With the fourth and fifth “Avatar” films now likely a go due to the ongoing success of the second film at the box-office, filmmaker James Cameron is going to be quite occupied for the remainder of this decade.
That said, it doesn’t rule him out of producing projects alongside his commitments to direct those “Avatar” sequels. One such project could well be an “Alita: Battle Angel” follow-up, as Cameron’s producing partner Jon Landau previously hinted that they are keen to revisit that universe.
The dystopian future-set “Alita” follows an amnesiac cyborg who rediscovers her past life as a battle droid. The film was well-received critically and performed well at the box-office, but its sizable budget meant it wasn’t the profit-generating hit 20th Century Fox had hoped for at the time.
Appearing on the latest episode of Kim Master’s The Business podcast (via KCRW) Cameron spoke about cinema in general and rise of streaming services in recent years. He says, despite his own criticisms about the format, he wouldn’t turn down an opportunity to make something for a streamer: “I’d love to be on it. I think streaming is an opportunity to do long form.”

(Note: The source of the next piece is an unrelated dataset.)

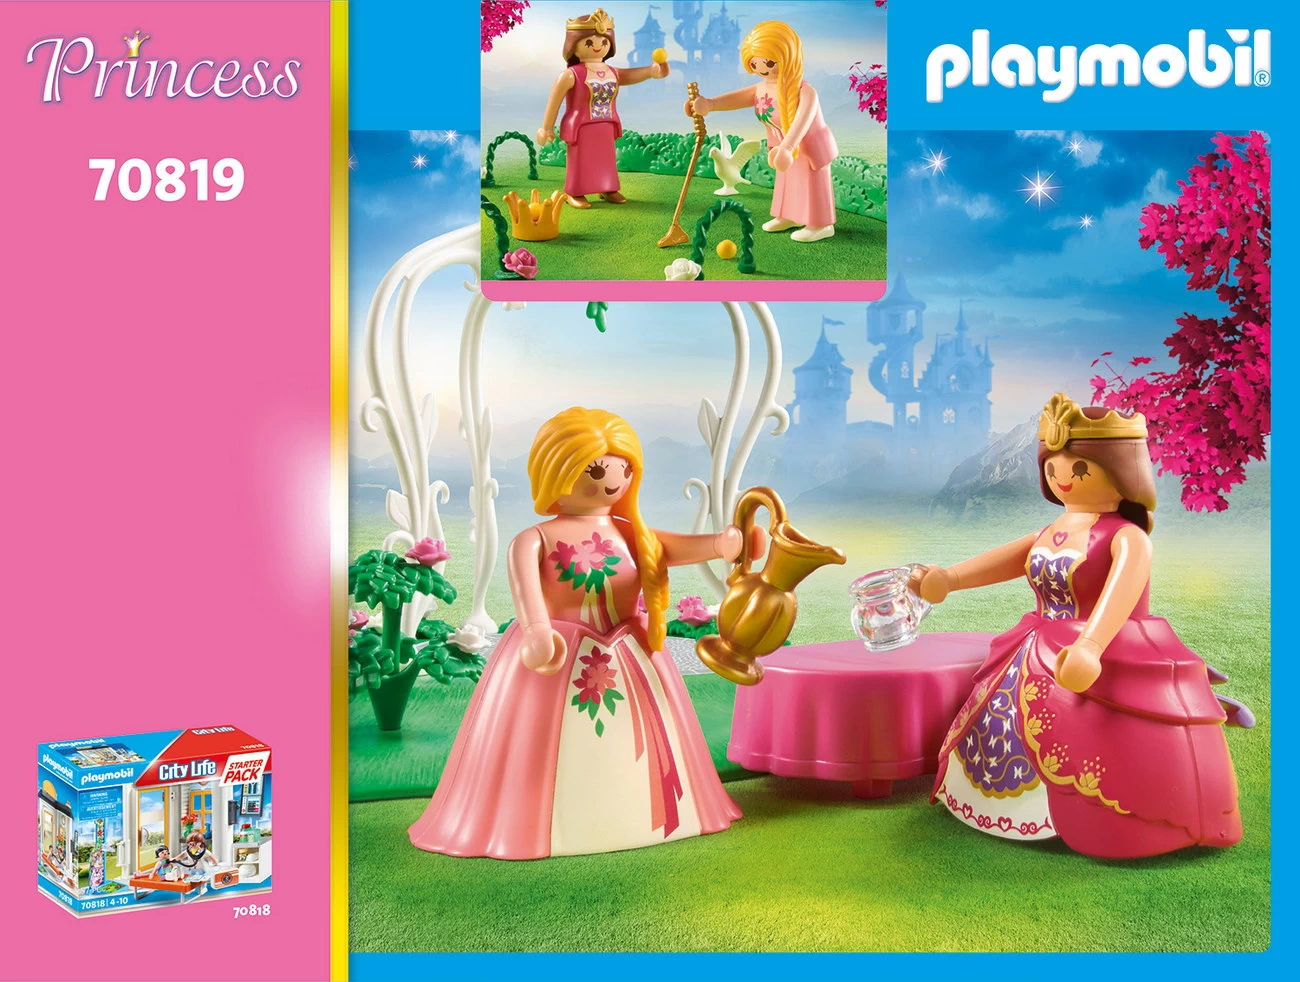 Playmobil 70819 - StarterPack Prinzessinnengarten (Princess)
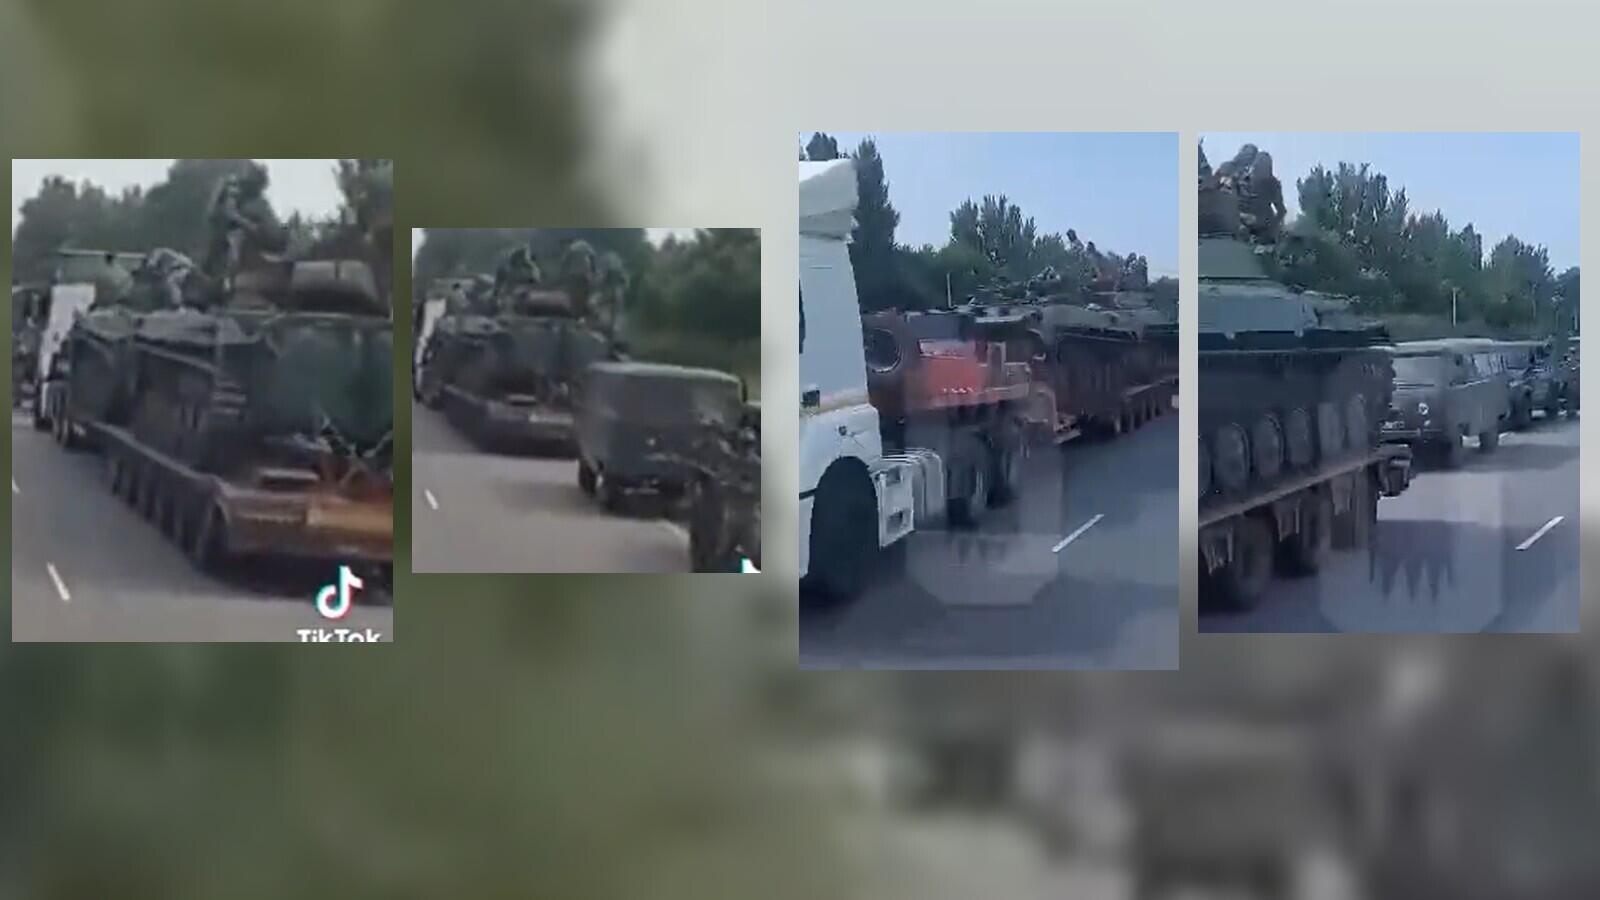 Die beiden Bilder links sind Standbilder aus dem viralen Video, während das Bild rechts den bewaffneten Aufstand zeigt.  Auf beiden ist ein weißer Lastwagen mit zwei Panzern zu sehen, gefolgt von einem grauen Lastwagen.

He then goes on to reference “Alita” as such a candidate because it would allow him to expand the world of that film whilst also not eschewing character development due to time constraints:
“I certainly have no dearth of ideas, and I like working with other filmmakers, like I did with Robert Rodriguez on ‘Alita: Battle Angel’. It didn’t quite make enough money to make everybody grinning from ear to ear, but we may revisit that IP, we hope to anyway.
I’ve always written more than we can conceivably pack into the box of a conventional movie, and I don’t like all that interesting character development and interesting scenes getting chopped out, either at the scripting stage or in the post-stage.”
That frustration previously resulted in ‘Special Edition’ versions of some of his works, most notably a far superior cut of “The Abyss” and extended versions of “Aliens” and “Terminator 2: Judgement Day”.
Cameron also discussed the downside of streaming and how that bubble, quickly inflated by the pandemic which kept everyone housebound for an extended period, has ‘burst’ in recent months:
“I feel like everyone got caught up [streaming] it when the pandemic hurt – it just didn’t hurt; it killed [cinemagoing]. We’re resurrecting it out of the grave now, [but] it killed [theaters] dead for almost a year.
Everybody had a great story for Wall Street about how they were going to create all this content, and from what I’ve seen from afar because I wasn’t directly in the game, it seemed like everyone was throwing stupid money at it to generate content and to try and create a new or constantly refreshing flow.
But it seems to me now the average viewer has to have eight or ten different subscriptions to see everything. So, it seems unsustainable on its face like a big Ponzi scheme, to me. I think there’s going to be some consolidation.”
Whatever the case, Cameron’s “Avatar: The Weight Of Water” along with the Tom Cruise-led “Top Gun: Maverick” both essentially helped ‘save’ cinemagoing in 2022, keeping it going through to this year which is expected to continue the rise before finally seeing a return to pre-pandemic levels in 2024.